朝日ラバー <5162> (JQ)はシリコーンゴムや分子接着技術をコア技術として、自動車内装LED照明光源カラーキャップ、医療・衛生用ゴム製品、RFIDタグ用ゴム製品などを展開している。5月9日に18年3月期業績・配当予想の増額修正を発表した。19年3月期も収益拡大が期待される。株価は反発の動きとなりそうだ。なお5月14日に18年3月期決算発表を予定している。
 
■自動車内装LED照明の光源カラーキャップが主力
 
 シリコーンゴムや分子接着技術をコア技術として、自動車内装照明関連の工業用ゴム製品、卓球ラケット用ラバー、医療・衛生用ゴム製品、機能製品のRFIDタグ用ゴム製品などを展開している。17年3月期のセグメント別売上構成比は工業用ゴム事業82%、医療・衛生用ゴム事業19%だった。
 
 自動車内装照明関連は、車載用小型電球の光源カラーキャップ「ASA COLOR LAMPCAP」や、車載用LED照明の光源カラーキャップ「ASA COLOR LED」が主力製品である。車載用「ASA COLOR LED」は高級車向けに加えて、小型車や軽自動車向けにも採用が拡大している。
 
 第12次三カ年中期経営計画「V-2計画」では経営目標値に20年3月期売上高70~80億円、営業利益率8%以上を掲げている。技術開発では、RFIDタグ用ゴム製品で培った技術を活用した簡易睡眠ポリグラフ検査用着衣型ウェアラブルシステム、風車用プラズマ気流制御用電極、視認性に優れ疲労低減特性のある自動車内装照明用LEDなどの開発を推進している。
 
■18年3月期業績・配当予想を増額修正、19年3月期も収益拡大期待
 
 5月9日に18年3月期連結業績予想および配当予想の増額修正を発表した。業績予想は2回目の増額修正である。
 
 修正後の18年3月期連結業績予想は売上高が17年3月期比15.7%増の75億34百万円、営業利益が18.1%増の5億61百万円、経常利益が20.2%増の5億89百万円、純利益が34.6%増の4億59百万円とした。配当予想は期末4円増額して年間20円(第2四半期末6円、期末14円)とした。17年3月期との比較でも4円増配となる。配当性向は19.6%となる。
 
 自動車関連「ASA COLOR LED」受注が海外向けを中心に好調に推移している。
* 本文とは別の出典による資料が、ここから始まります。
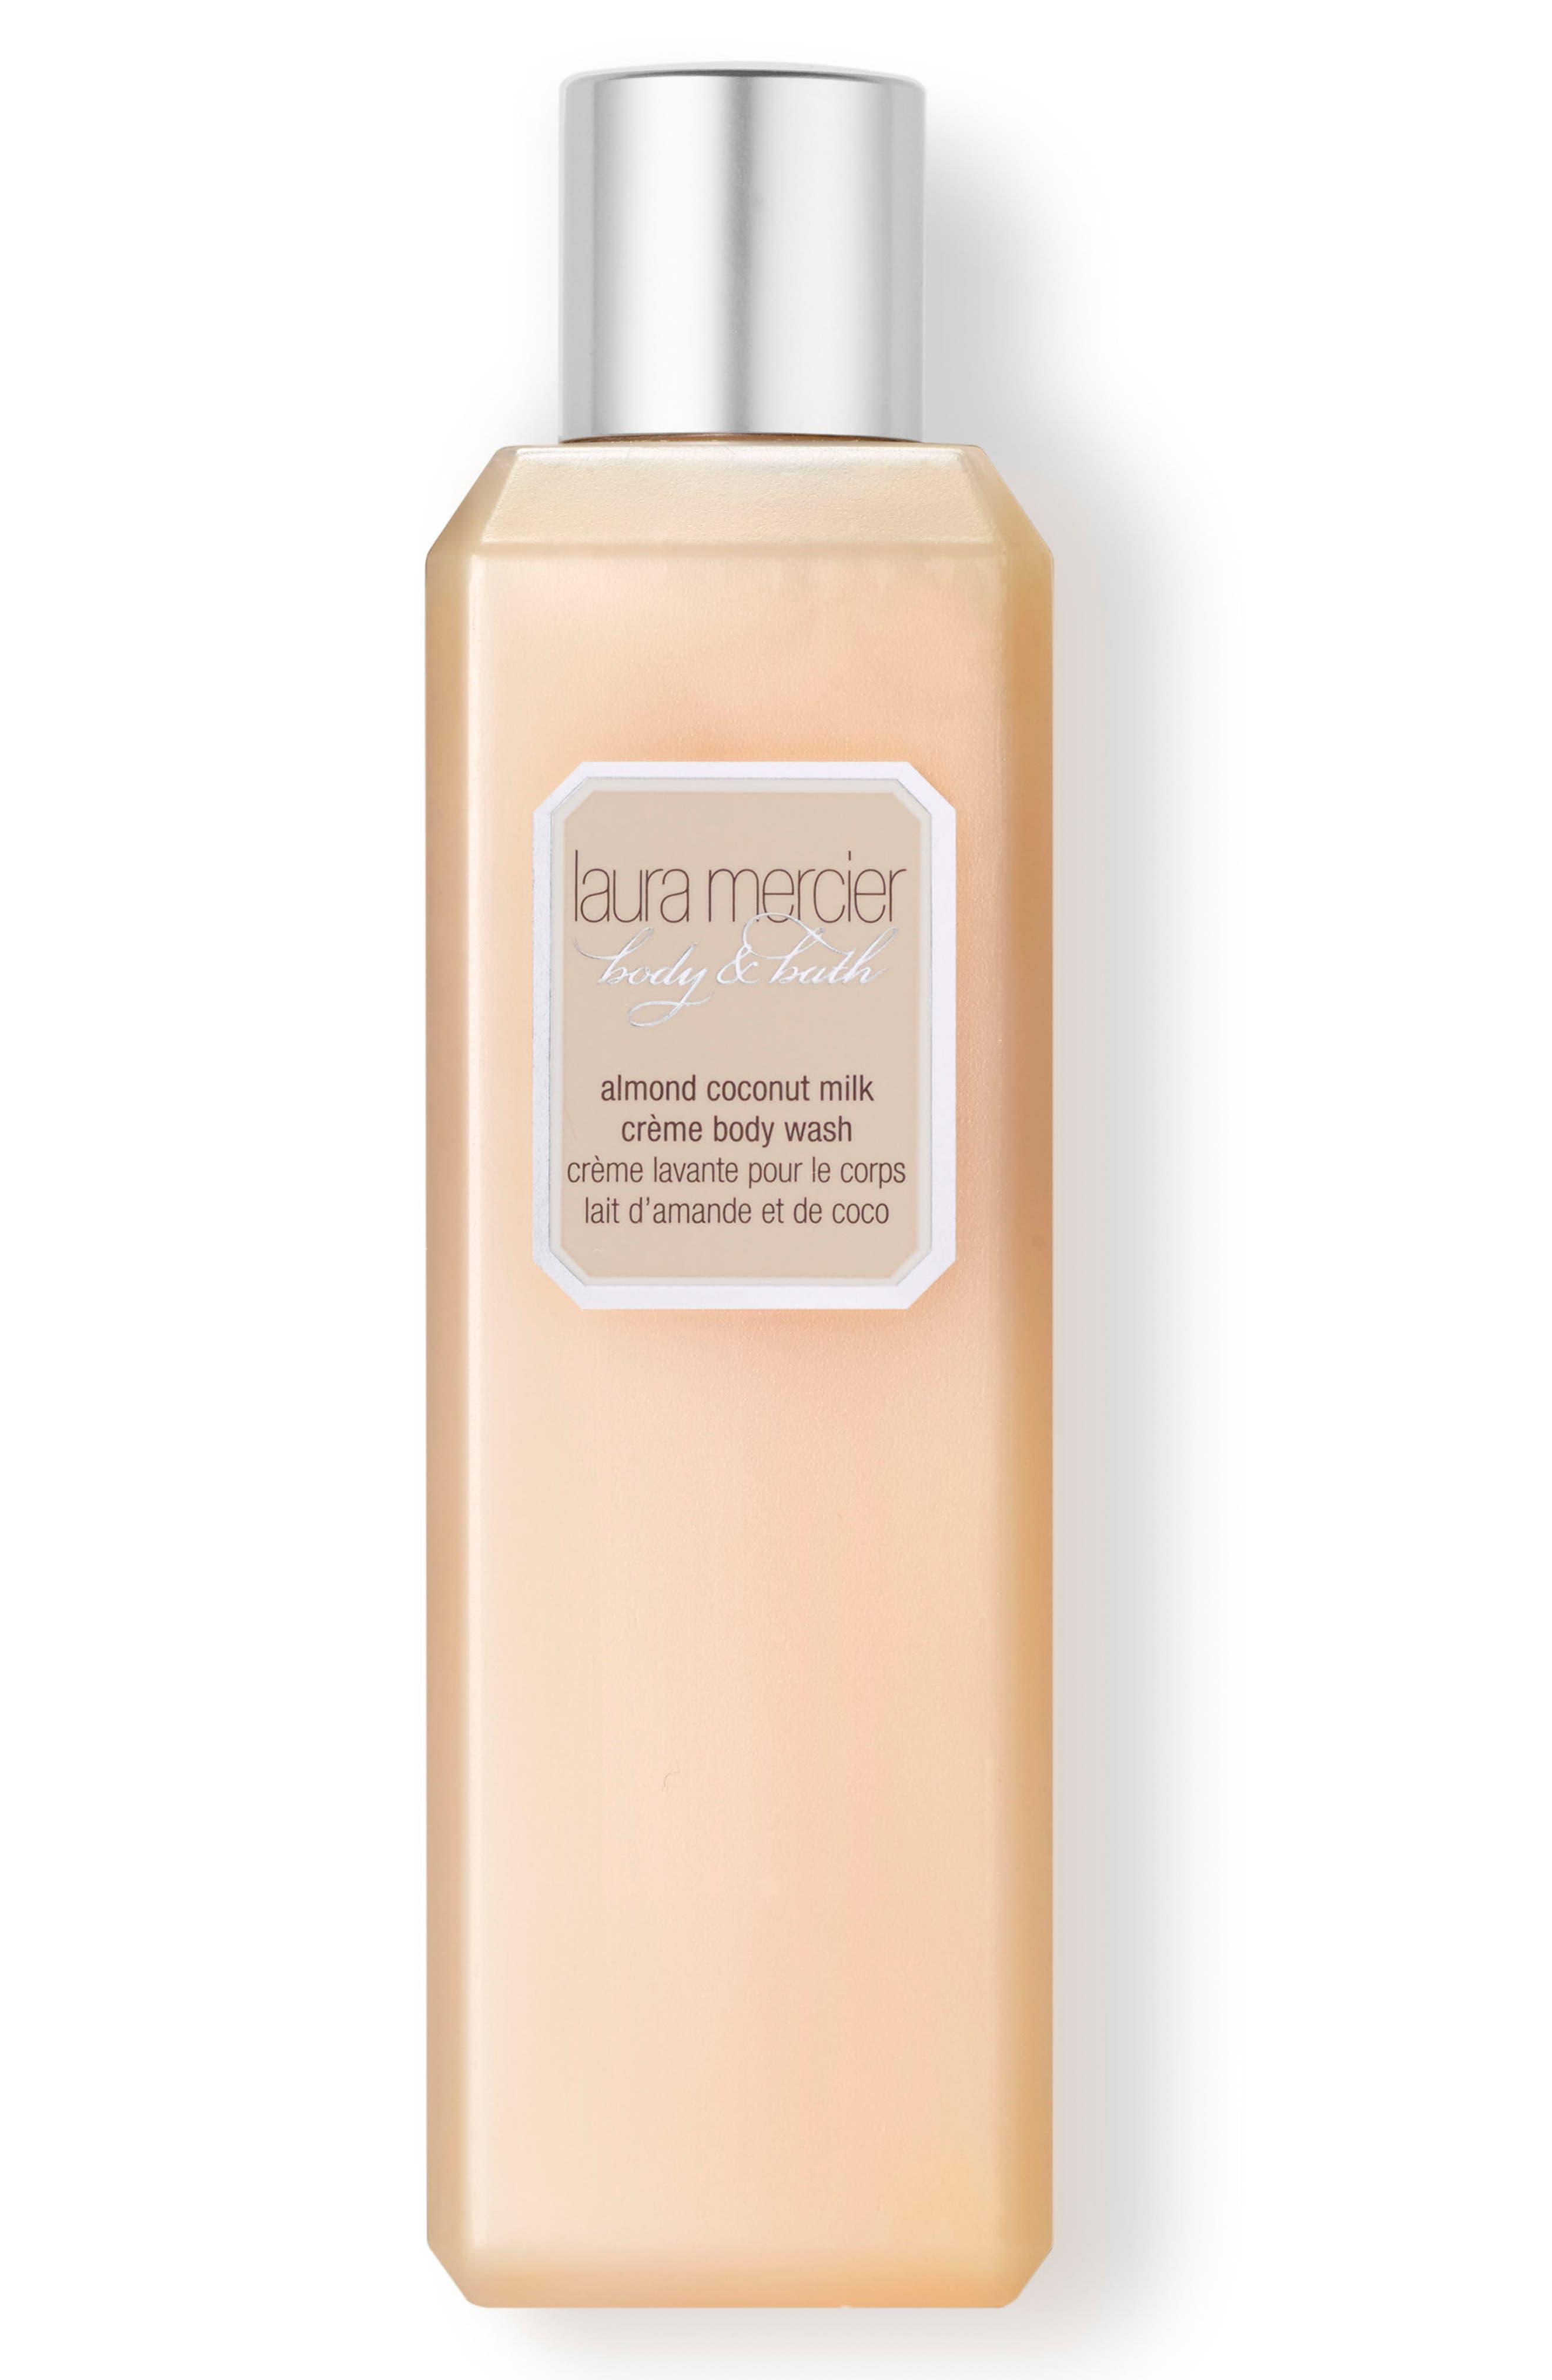 Alternate Image 1 Selected - Laura Mercier 'Almond Coconut Milk' Crème Body Wash
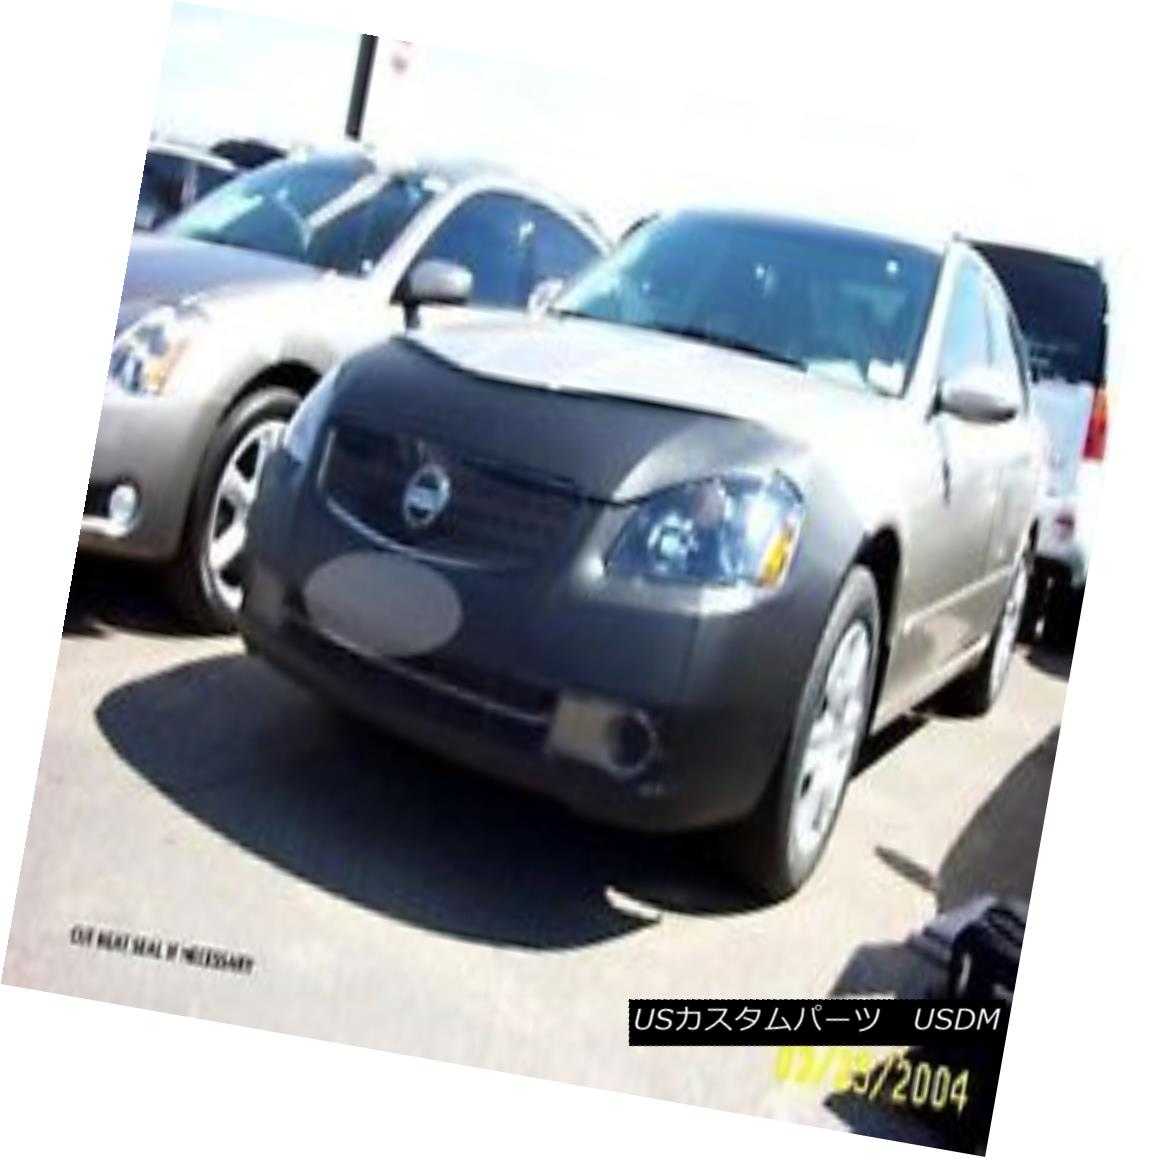 USフルブラ・USノーズブラ Lebra Front End Cover Mask Bra Fits Nissan Altima SE-R 2005-2006 LebraフロントエンドカバーマスクブラはNissan Altima SE-R 2005-2006に適合

研究開発強化や基幹システム入替など事業基盤強化に向けた費用の増加を、増収効果や生産性向上効果で吸収し、補助金収入や税金費用の減少も寄与する。19年3月期も収益拡大が期待される。
 
■株価は反発期待
 
 株価は26週移動平均線を割り込んで戻りの鈍い展開だったが、業績・配当予想の増額修正を好感して反発の動きとなりそうだ。
 
 5月9日の終値1215円を指標面で見ると、前期推定連結PER(会社予想の連結EPS101円98銭で算出)は約12倍、前期推定配当利回り(会社予想の年間20円で算出)は約1.6%、前々期実績連結PBR(前々期実績連結BPS880円48銭で算出)は約1.4倍である。時価総額は約56億円である。(情報提供:日本インタビュ新聞社=Media-IR)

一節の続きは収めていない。